Конечно, разозлил, заставив приплясывать, да ещё под свою дудку. Но лишь черты его узкого породистого лица стали жёстче, голос он не повысил:
— Демонстрировать свою грубость и невежество не обязательно, Сергей Анатольевич. Но, как вы понимаете: всё в ваших руках. Добровольно соглашаетесь на мои условия — и вас освободят. Нет — вас заставят принять мои условия.
Ага, держи, Серёга, карман шире — освободят. Я усмехнулся.
— Вы мне анекдот про Аленький Цветочек сейчас напомнили. «Привези мне, папенька, чудище страшное для утех сексуальных, — пропищал я тоненьким голоском. — Нет? Хорошо, пойдём длинным путём: привези мне, папенька Цветочек Аленький. Значит, пойдём длинным путём, Андрей Ильич?
Граф улыбнулся. Натянуто. Снисходительно.
Только на хуй мне не упала его снисходительность.
— Не нуждаюсь я, Ваше Сиятельство, ни в вашей помощи, ни в вашей милости. Не вы меня сюда посадили — я сел сам. Сам и выйду. Вы во мне нуждаетесь. И словам вашим грош цена. А я, знаете ли, людям, которые за свои слова не отвечают, не доверяю.
— Вы не выйдете отсюда без моей помощи, господин Емельянов, — разозлился он. Правда всегда злит. А он знал, что именно так и было: мне с его царской милости вроде как даровали жизнь и свободу, но Сагитов срать хотел на его приказы. И выбил у господина графа табуреточку из-под ног. Ох, как выбил! Теперь он выглядел старым пиздаболом. И это ему ой как мешало вести со мной беседу.

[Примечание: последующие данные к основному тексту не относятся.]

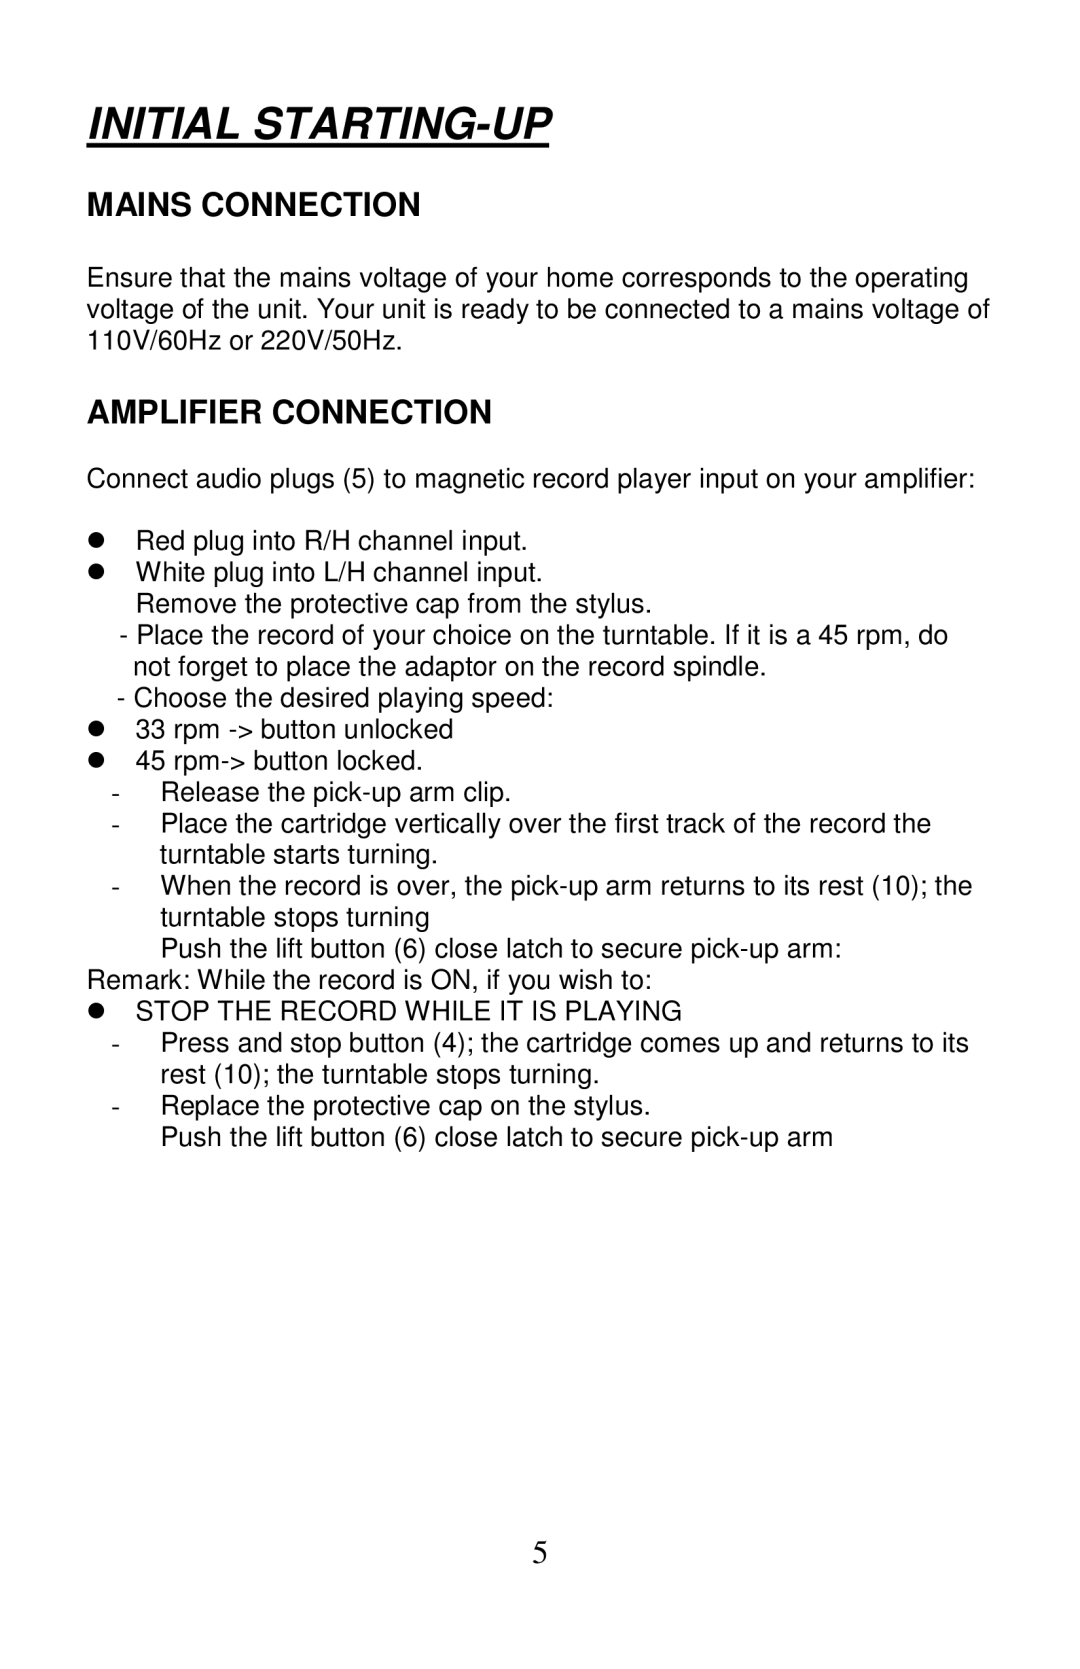 PYLE Audio PLTTB3U manual Initial Starting-Up, Mains Connection, Amplifier Connection

— Ой ли! — усмехнулся я. — Не знаю, что вы там о себе возомнили, но такие царьки как вы, чьи приказы даже их подчинённые не выполняют, мне не интересны.
— И всё же вы живы, — смотрел он на меня сверху вниз холодно, жёстко. А когда замолкал, давая мне слово, поигрывал желваками на худом лице.
— Благодаря самоотверженности моих людей, а не вашей милостью. Так что я вам ничего не должен.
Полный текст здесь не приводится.